** Material provided **
===============

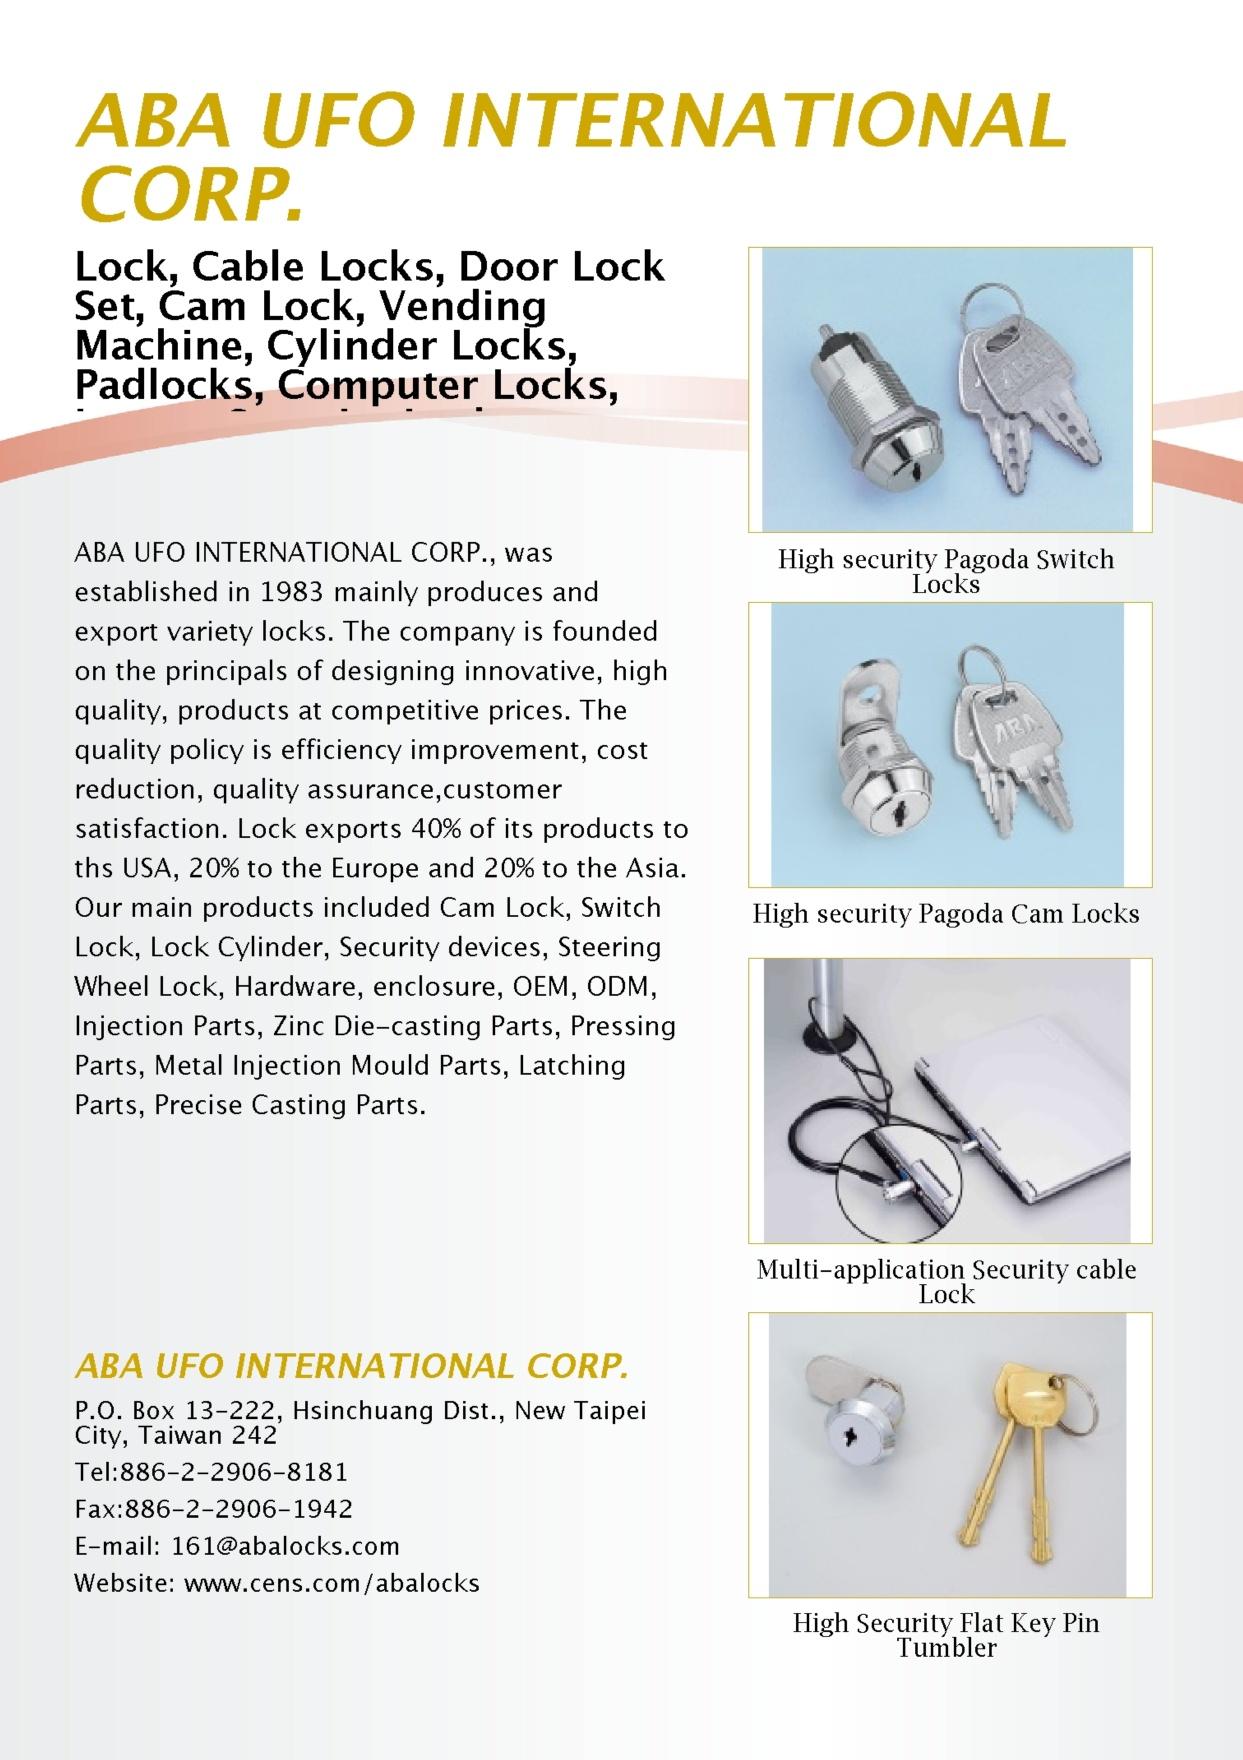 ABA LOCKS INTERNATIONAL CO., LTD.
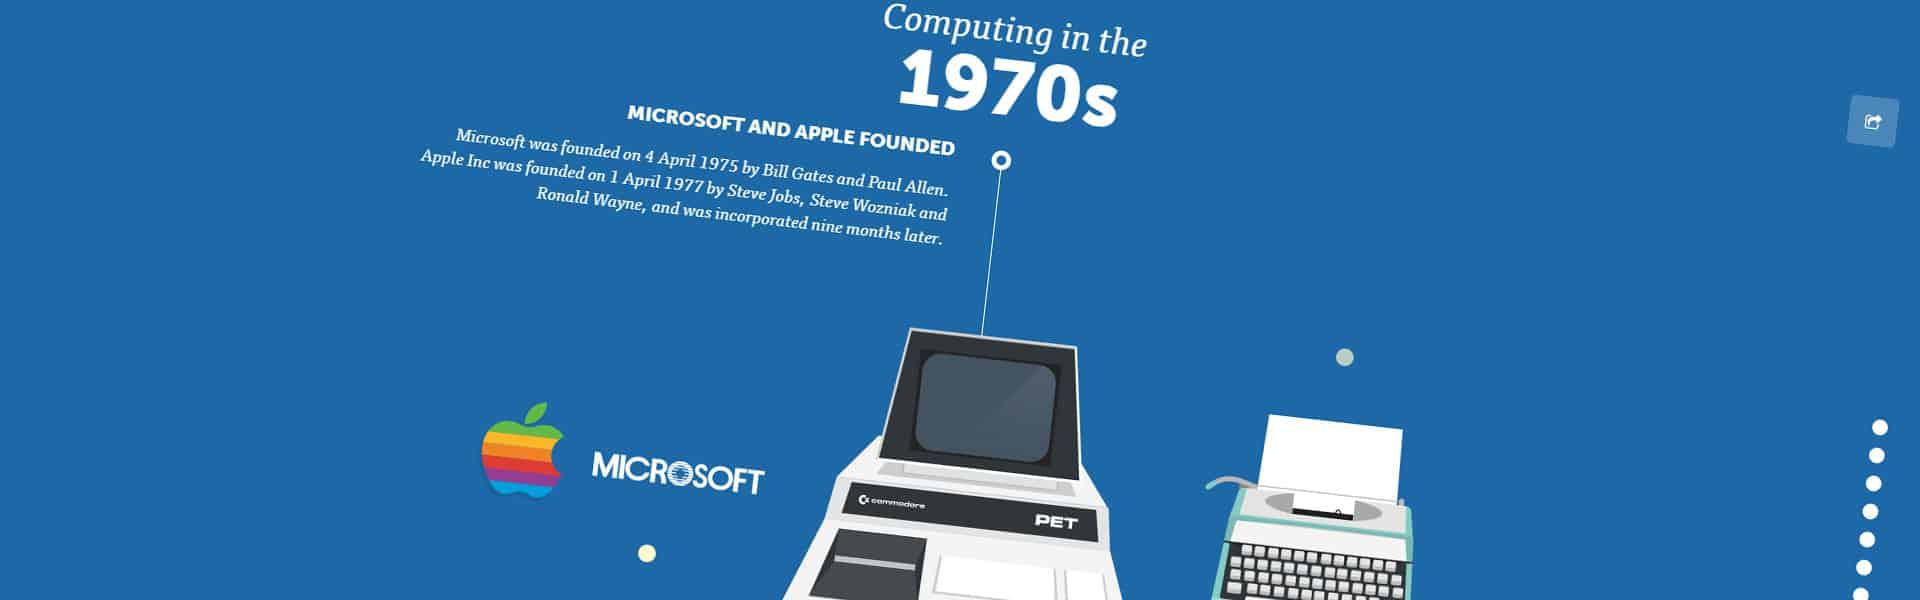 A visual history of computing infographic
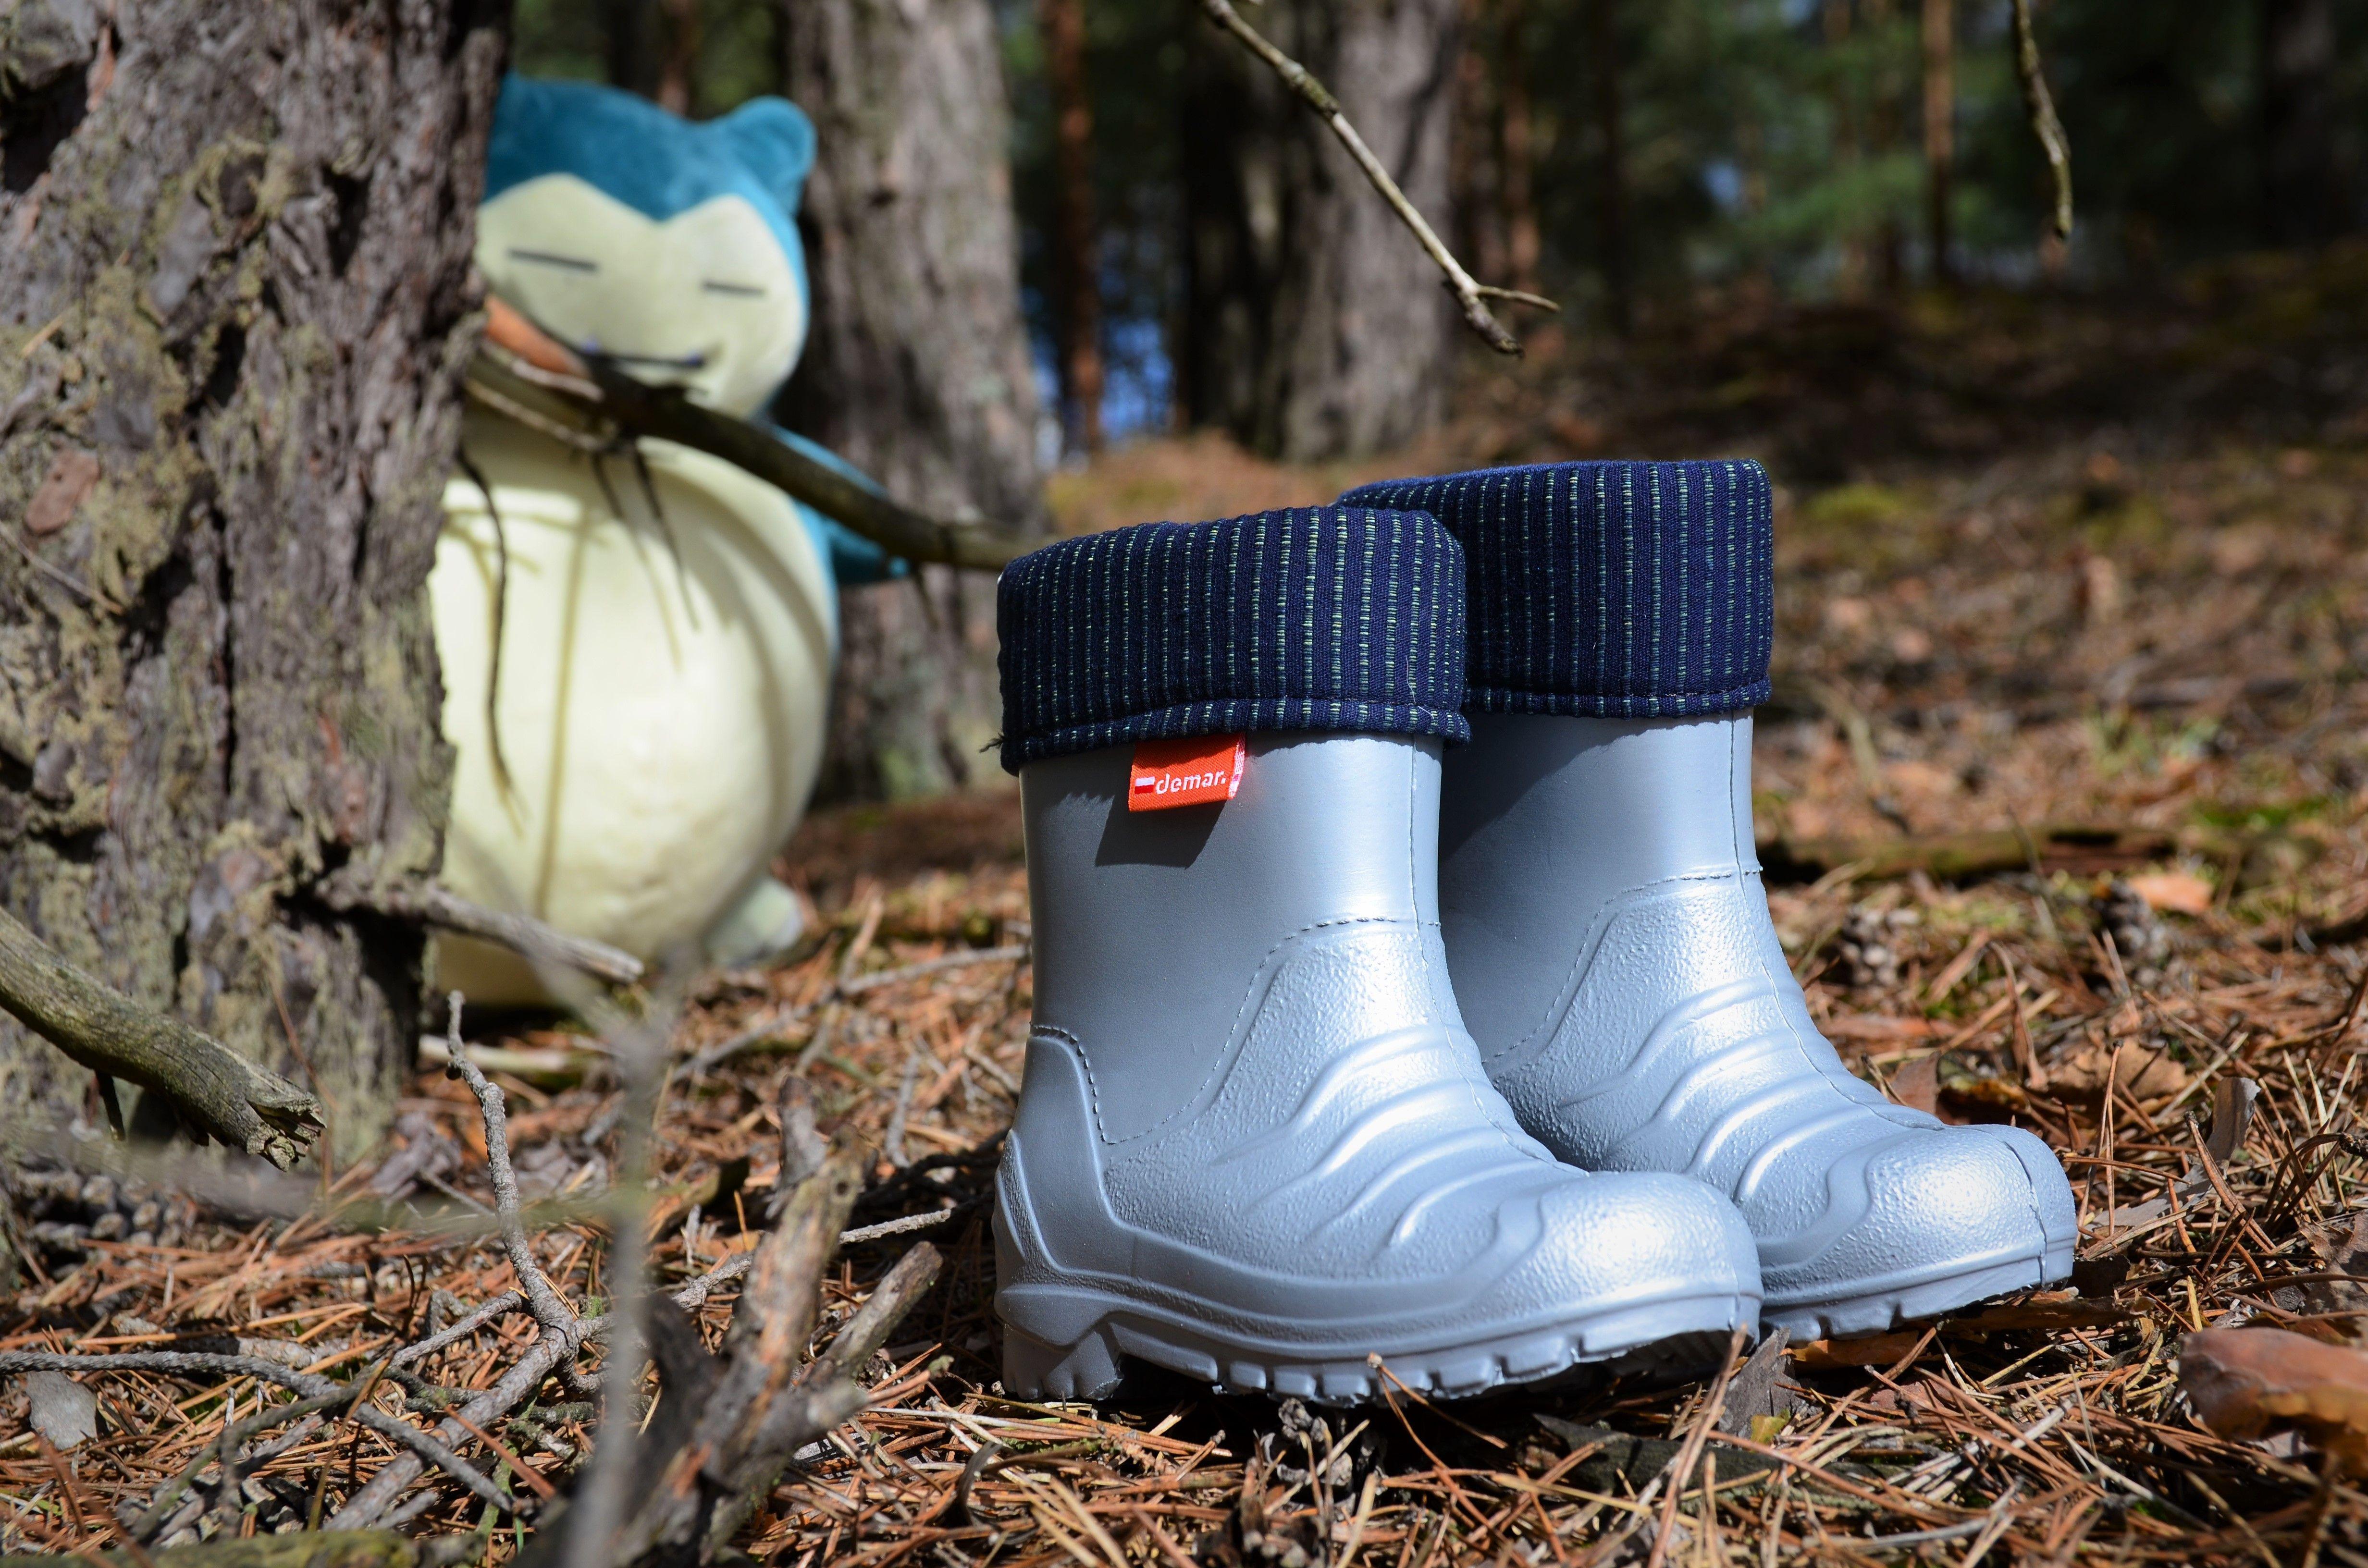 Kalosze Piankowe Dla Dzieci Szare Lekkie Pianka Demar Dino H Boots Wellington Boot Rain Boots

===============

Drop every picture from the data, then output all the rest exactly.

** Output for this task **
 ABA LOCKS INTERNATIONAL CO., LTD.
 A visual history of computing infographic
 Kalosze Piankowe Dla Dzieci Szare Lekkie Pianka Demar Dino H Boots Wellington Boot Rain Boots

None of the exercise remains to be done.